* WORK REQUIRED:
Determine how many lines of this material contain "Chassis". Give only the number.

··· DATA SUPPLIED

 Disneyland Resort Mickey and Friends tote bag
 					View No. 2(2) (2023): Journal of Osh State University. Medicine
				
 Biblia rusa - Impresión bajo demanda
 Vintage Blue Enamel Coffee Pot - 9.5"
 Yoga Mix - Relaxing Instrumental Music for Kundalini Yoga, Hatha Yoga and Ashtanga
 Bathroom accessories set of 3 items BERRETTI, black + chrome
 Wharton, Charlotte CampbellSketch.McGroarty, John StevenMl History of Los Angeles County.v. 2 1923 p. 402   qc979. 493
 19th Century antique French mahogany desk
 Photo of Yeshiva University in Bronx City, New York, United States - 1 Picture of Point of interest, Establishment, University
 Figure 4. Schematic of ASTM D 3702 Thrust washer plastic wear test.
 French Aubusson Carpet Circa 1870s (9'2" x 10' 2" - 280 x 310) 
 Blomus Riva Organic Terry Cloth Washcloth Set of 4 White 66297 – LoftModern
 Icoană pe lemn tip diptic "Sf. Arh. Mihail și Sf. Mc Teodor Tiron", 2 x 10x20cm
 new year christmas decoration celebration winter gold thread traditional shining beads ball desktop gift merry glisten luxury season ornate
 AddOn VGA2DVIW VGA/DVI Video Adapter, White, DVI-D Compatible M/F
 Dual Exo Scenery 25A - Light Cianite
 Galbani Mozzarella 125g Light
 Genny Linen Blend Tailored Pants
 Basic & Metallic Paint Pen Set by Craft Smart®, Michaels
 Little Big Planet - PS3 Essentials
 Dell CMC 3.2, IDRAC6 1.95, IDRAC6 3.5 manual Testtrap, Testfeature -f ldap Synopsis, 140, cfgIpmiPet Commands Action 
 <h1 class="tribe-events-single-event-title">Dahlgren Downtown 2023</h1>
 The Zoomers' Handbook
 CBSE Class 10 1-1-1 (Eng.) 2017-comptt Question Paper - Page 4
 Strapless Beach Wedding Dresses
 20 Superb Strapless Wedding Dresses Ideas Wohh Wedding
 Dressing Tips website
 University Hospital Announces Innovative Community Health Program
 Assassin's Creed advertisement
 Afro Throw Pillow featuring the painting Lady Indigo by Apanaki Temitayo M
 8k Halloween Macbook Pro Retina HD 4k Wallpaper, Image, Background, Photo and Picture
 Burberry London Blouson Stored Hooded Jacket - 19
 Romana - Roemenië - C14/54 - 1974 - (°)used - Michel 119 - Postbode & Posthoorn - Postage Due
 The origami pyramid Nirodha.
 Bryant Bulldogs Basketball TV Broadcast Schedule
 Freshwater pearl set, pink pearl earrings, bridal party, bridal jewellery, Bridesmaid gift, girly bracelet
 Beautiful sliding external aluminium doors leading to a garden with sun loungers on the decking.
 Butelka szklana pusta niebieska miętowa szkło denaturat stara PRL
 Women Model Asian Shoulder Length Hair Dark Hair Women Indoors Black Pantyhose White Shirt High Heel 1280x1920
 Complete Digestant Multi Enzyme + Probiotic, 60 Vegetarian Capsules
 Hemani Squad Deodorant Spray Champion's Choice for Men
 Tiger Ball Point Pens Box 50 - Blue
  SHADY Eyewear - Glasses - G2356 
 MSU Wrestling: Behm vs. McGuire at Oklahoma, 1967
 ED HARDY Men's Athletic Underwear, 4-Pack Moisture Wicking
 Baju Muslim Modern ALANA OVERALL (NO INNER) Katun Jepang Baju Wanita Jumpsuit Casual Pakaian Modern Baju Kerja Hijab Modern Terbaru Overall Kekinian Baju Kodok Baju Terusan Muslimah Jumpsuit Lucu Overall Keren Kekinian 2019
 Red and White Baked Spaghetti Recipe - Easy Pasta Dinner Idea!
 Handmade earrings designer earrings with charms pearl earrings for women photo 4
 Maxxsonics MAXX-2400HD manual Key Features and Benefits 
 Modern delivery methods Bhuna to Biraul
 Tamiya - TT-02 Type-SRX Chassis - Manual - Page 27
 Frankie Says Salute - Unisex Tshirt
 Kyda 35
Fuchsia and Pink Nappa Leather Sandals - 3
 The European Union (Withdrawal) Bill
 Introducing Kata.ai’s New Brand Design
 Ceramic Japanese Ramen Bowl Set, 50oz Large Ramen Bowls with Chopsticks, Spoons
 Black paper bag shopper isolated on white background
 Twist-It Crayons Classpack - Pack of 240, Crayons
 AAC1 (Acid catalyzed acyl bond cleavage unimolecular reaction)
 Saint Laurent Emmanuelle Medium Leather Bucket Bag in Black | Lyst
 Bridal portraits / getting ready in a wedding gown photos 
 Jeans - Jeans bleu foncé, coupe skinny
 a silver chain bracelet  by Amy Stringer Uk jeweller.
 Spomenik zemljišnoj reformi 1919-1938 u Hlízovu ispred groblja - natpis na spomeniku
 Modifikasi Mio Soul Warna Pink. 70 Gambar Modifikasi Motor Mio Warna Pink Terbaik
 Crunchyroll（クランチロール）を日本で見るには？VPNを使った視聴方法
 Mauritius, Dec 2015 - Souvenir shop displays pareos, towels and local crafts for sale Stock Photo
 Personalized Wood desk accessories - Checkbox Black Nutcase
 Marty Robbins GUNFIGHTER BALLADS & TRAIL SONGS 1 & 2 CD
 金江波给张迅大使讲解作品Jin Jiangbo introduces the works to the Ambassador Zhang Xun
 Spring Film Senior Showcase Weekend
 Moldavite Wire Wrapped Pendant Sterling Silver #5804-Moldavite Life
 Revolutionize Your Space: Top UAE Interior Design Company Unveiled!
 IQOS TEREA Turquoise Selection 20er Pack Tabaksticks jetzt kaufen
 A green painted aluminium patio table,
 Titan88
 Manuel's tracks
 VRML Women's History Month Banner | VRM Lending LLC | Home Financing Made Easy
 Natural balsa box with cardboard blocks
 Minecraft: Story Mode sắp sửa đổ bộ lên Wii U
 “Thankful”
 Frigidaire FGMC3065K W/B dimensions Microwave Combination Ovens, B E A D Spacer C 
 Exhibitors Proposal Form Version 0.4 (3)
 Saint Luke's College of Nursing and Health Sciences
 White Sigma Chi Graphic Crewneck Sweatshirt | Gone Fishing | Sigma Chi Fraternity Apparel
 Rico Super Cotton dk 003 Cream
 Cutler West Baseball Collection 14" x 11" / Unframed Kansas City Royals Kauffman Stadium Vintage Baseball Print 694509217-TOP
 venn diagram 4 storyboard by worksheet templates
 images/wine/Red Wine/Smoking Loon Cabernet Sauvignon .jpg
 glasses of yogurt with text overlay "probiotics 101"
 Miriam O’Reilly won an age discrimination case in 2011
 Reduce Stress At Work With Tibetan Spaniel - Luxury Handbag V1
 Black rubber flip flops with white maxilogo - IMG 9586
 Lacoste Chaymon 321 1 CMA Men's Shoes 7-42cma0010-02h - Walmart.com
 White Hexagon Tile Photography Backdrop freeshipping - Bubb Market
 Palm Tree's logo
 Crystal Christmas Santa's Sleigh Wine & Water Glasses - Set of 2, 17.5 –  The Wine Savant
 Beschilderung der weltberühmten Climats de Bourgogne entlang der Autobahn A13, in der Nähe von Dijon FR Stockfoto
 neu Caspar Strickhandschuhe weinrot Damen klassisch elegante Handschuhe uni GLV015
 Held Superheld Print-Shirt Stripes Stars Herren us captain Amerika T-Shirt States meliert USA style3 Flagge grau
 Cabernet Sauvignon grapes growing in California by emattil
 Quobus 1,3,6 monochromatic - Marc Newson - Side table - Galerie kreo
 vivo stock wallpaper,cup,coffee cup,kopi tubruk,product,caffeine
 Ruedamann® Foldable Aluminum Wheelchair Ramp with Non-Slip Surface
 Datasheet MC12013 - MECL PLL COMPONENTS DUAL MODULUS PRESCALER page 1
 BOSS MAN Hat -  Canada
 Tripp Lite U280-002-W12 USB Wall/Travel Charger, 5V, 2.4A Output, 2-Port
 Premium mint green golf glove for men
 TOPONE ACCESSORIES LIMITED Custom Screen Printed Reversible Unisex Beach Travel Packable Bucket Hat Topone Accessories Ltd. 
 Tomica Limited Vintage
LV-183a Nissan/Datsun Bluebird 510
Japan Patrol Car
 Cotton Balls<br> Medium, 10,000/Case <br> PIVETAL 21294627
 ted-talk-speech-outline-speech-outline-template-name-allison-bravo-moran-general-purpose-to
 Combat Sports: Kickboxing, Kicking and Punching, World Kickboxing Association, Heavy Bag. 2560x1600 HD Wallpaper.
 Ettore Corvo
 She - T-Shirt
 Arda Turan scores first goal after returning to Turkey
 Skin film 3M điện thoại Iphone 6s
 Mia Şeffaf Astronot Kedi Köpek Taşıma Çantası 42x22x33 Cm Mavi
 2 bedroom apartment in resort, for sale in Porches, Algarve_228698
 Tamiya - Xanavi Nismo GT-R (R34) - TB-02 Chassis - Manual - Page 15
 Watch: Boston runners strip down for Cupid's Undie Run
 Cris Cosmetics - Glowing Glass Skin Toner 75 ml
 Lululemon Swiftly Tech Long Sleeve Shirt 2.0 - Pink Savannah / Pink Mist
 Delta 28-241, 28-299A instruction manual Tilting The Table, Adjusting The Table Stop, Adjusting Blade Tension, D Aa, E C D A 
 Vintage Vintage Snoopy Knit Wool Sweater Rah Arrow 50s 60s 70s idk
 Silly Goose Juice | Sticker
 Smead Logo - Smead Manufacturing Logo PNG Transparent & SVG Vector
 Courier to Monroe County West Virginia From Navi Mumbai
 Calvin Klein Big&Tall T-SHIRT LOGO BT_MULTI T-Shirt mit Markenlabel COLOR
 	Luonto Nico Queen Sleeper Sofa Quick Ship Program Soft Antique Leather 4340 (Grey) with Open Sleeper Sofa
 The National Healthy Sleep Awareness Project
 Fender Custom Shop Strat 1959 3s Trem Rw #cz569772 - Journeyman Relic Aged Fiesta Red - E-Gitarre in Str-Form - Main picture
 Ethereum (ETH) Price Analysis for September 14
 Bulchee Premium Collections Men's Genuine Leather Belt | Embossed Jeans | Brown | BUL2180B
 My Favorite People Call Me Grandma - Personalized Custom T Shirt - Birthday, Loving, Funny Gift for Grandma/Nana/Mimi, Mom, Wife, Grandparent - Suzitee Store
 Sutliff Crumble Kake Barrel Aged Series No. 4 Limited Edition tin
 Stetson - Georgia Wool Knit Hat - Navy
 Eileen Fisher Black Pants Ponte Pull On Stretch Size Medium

······

* WRITTEN ANSWER:
2